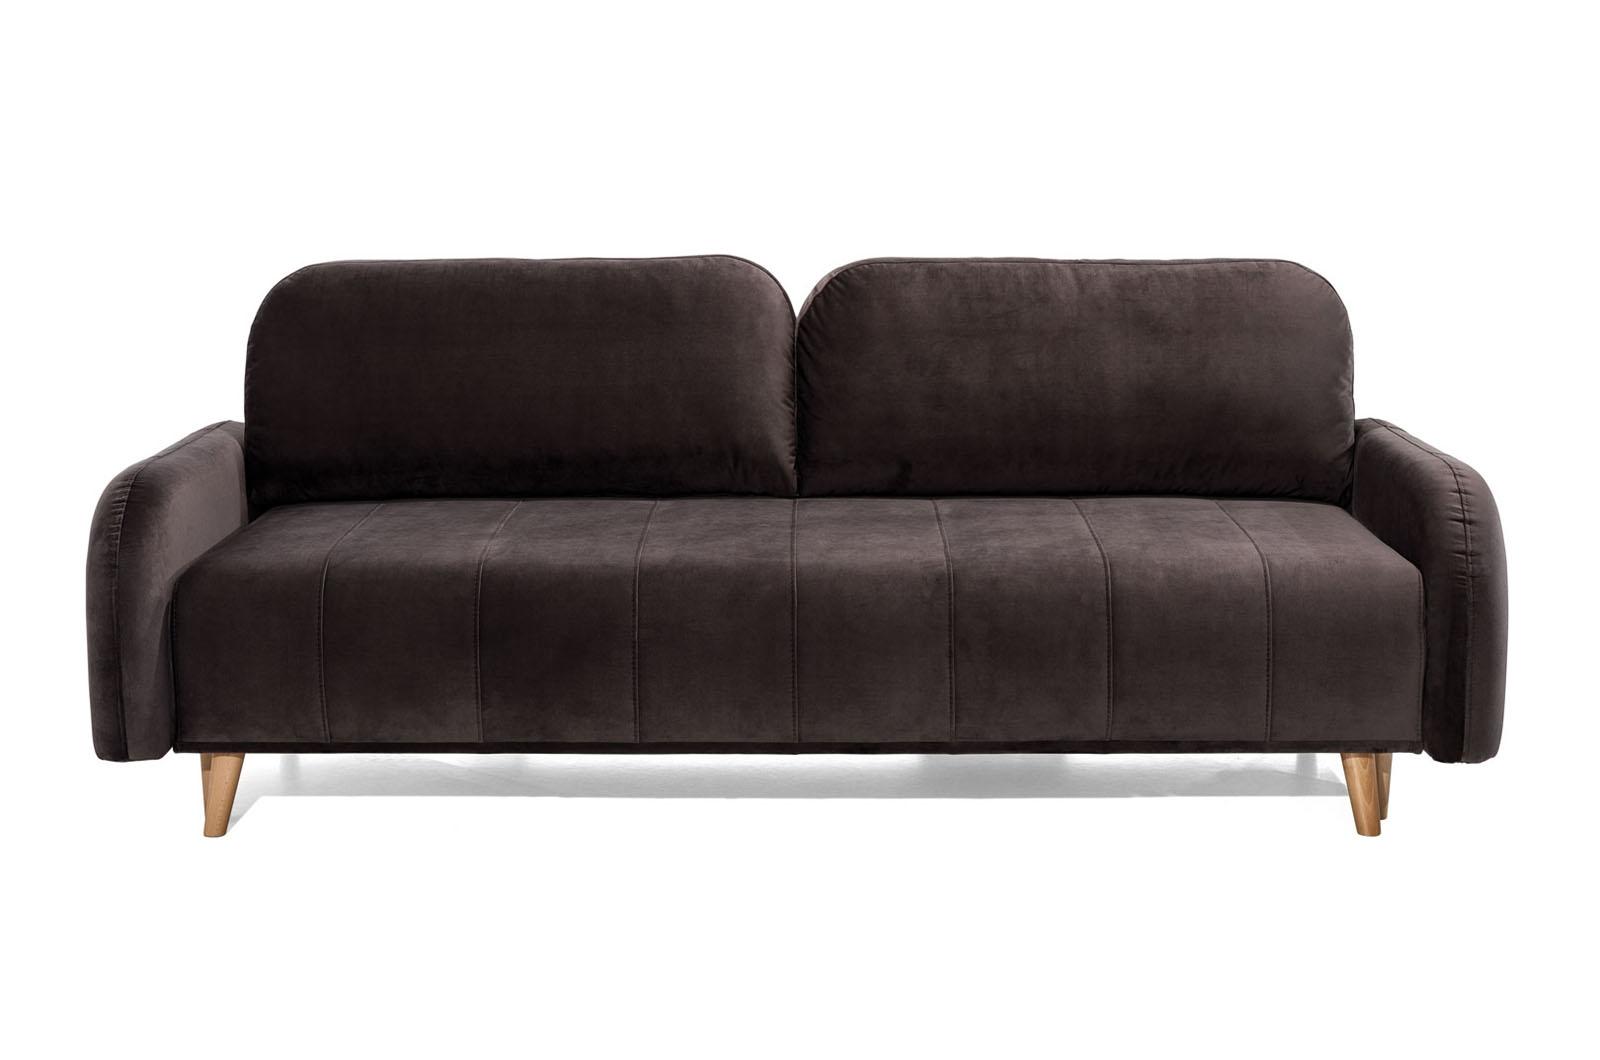 Canapea extensibila 3 locuri, Domi, l230xA100xH88 cm
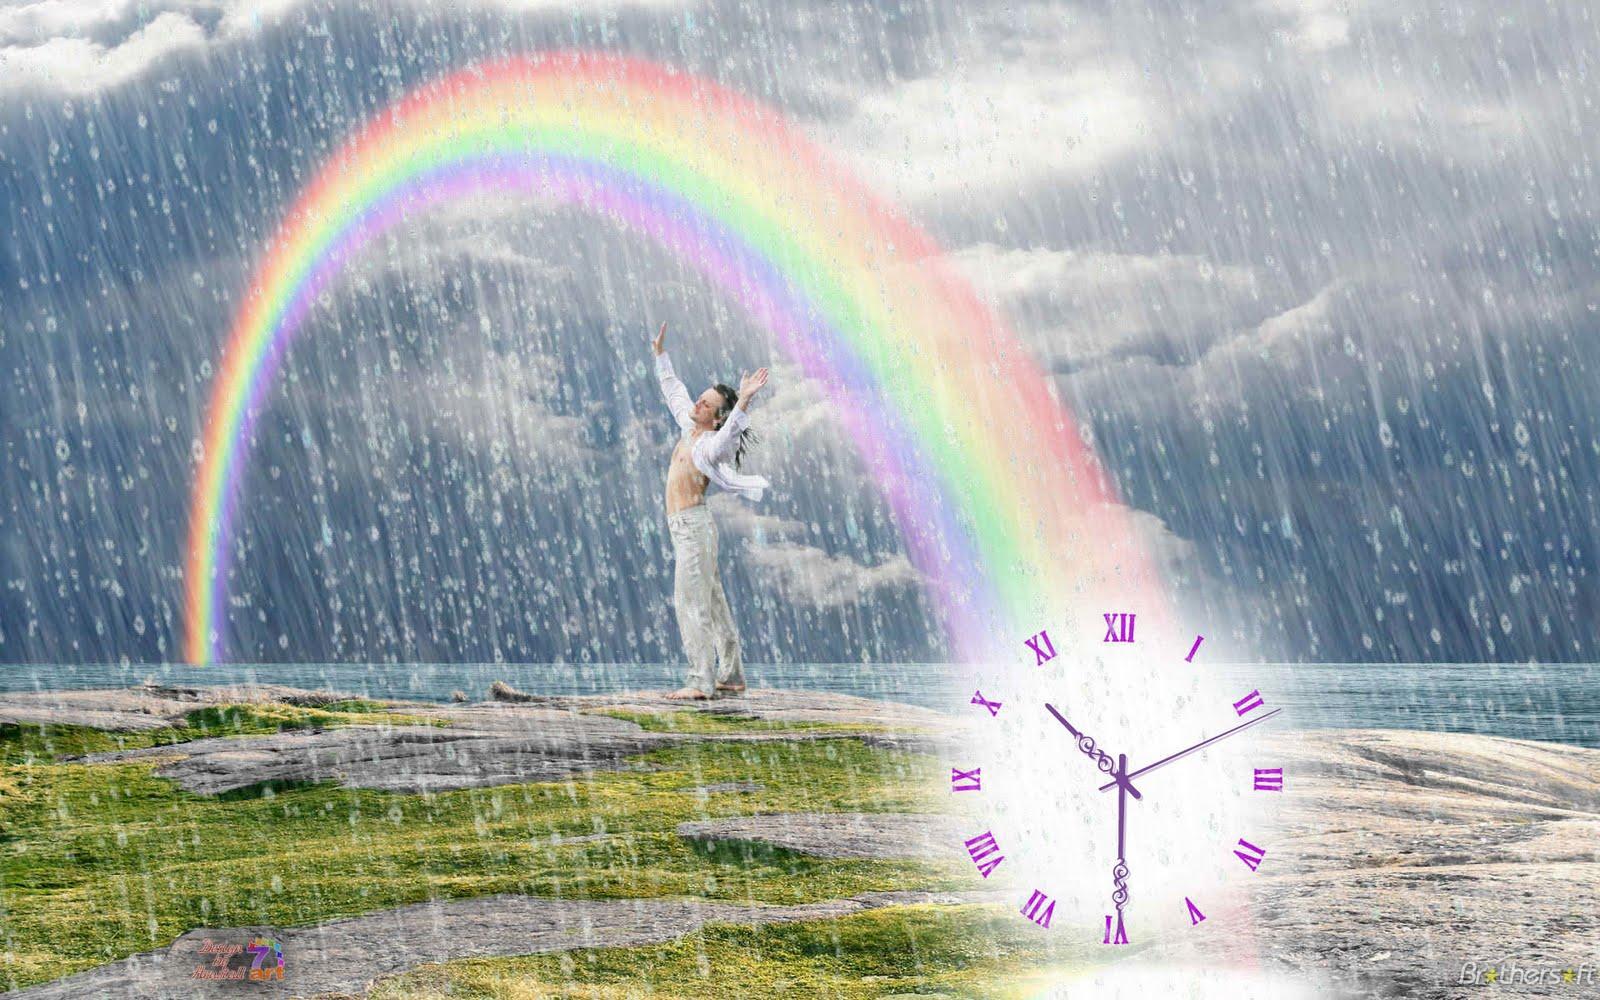 Похолодало, с ночи лупит дождь, не стеной, а обложной сыплет с неба нудно и неустанно
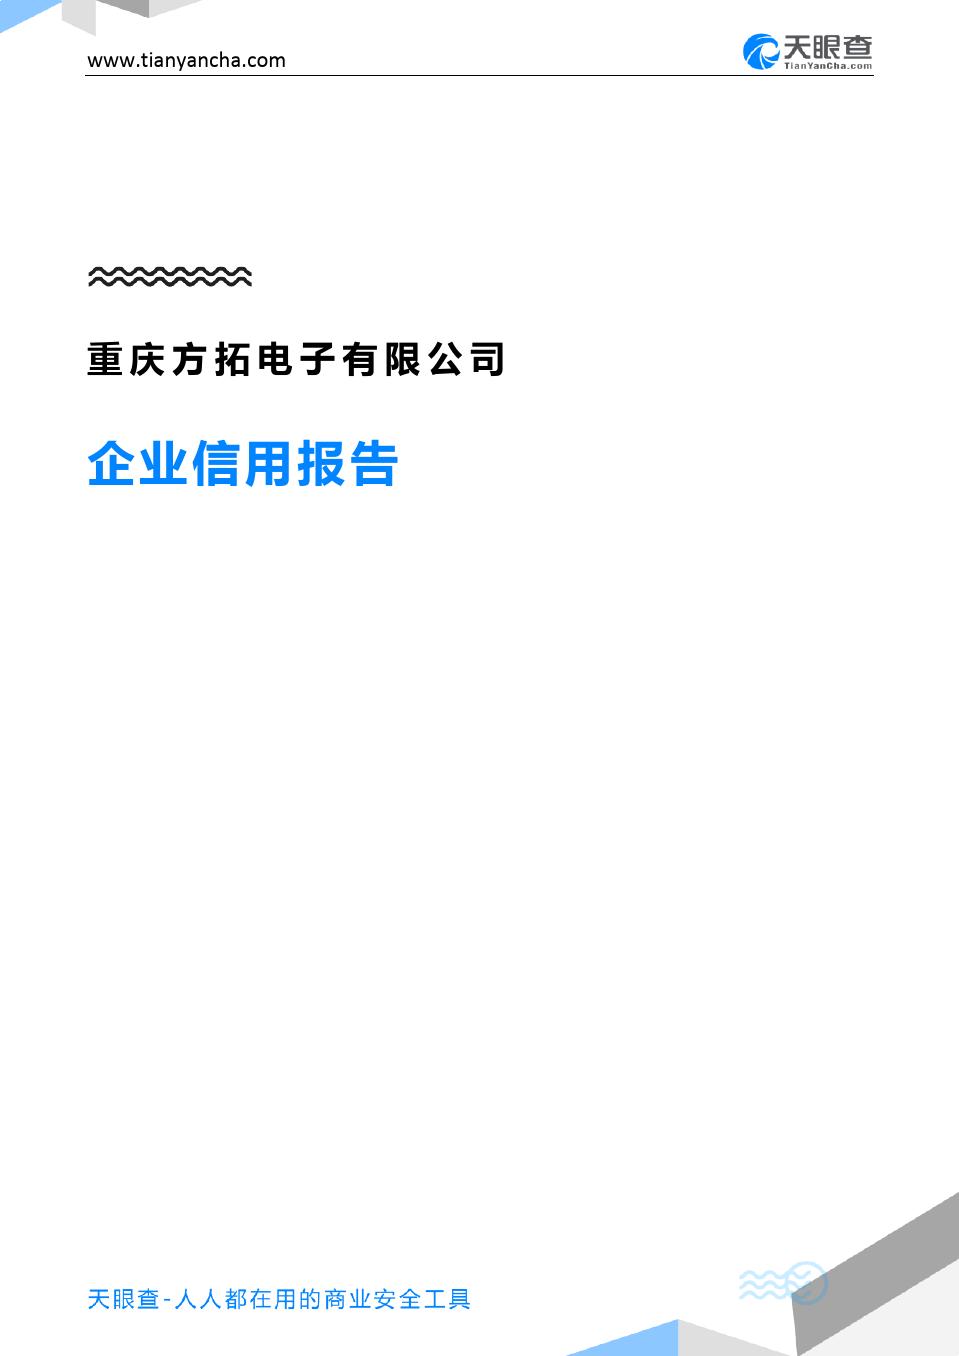 重庆方拓电子有限公司(企业信用报告)- 天眼查
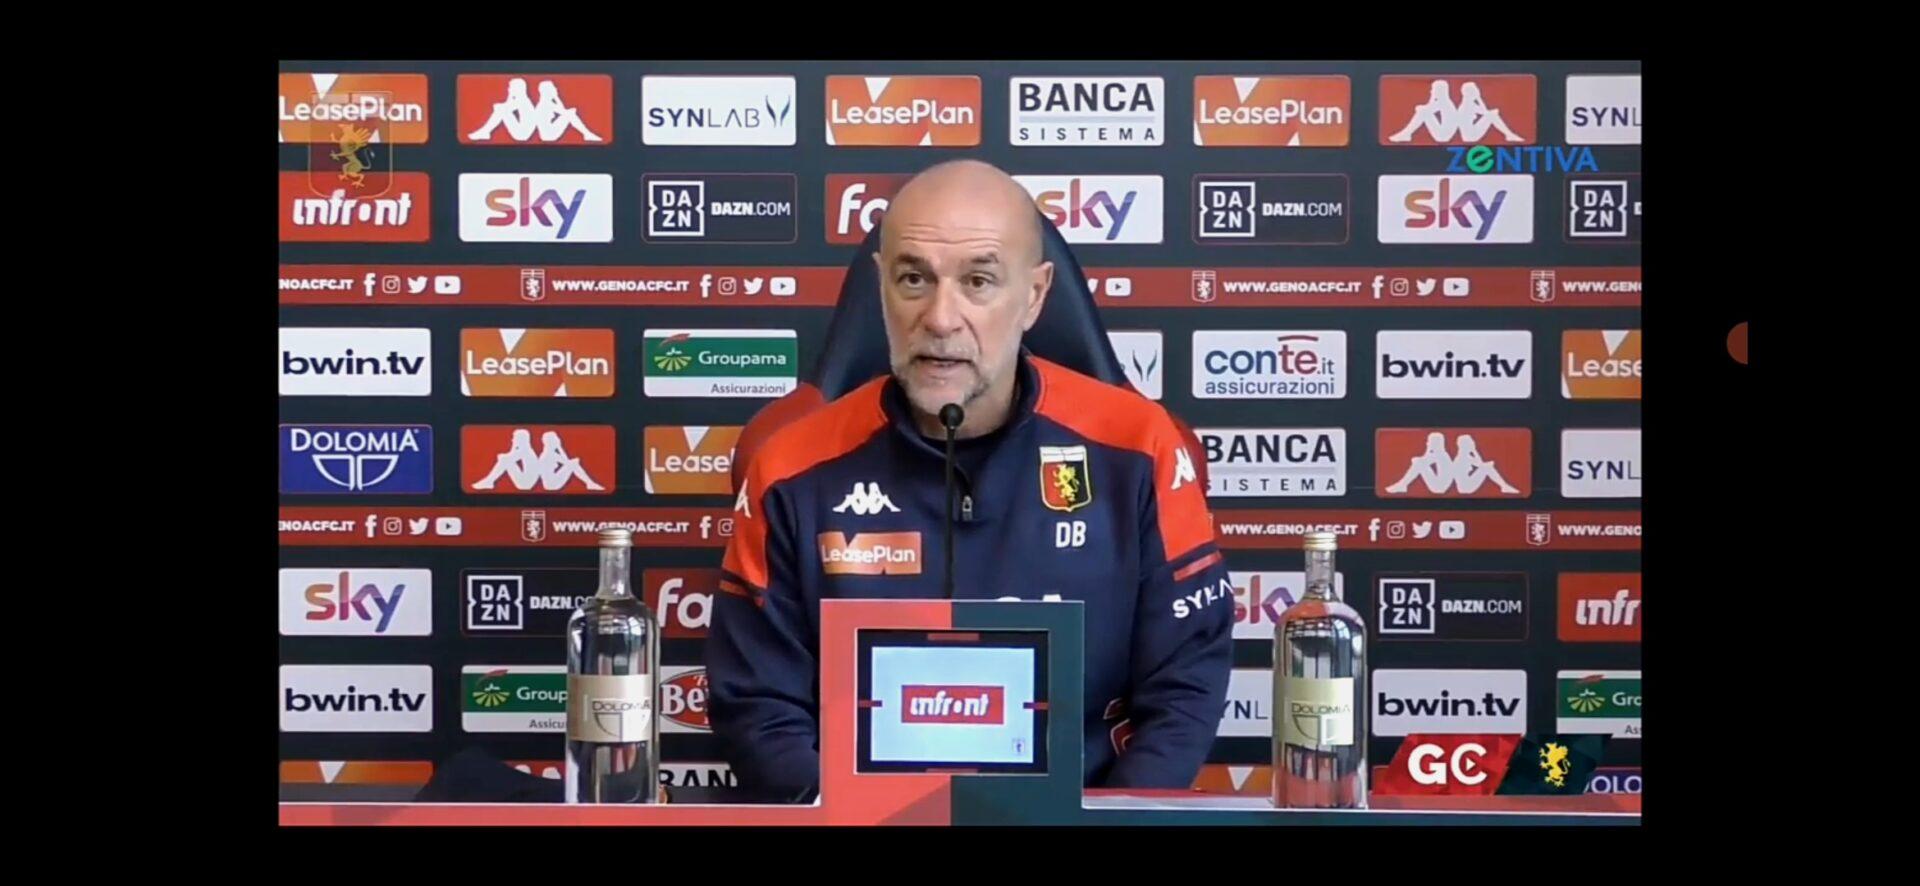 Genoa-Sampdoria, Ballardini

PROMPT: Retype the data above exactly, dropping every picture.

EXERCISE ANSWER:
 Canapea extensibila 3 locuri, Domi, l230xA100xH88 cm
 Похолодало, с ночи лупит дождь, не стеной, а обложной сыплет с неба нудно и неустанно
 重庆方拓电子有限公司(企业信用报告)- 天眼查
 Genoa-Sampdoria, Ballardini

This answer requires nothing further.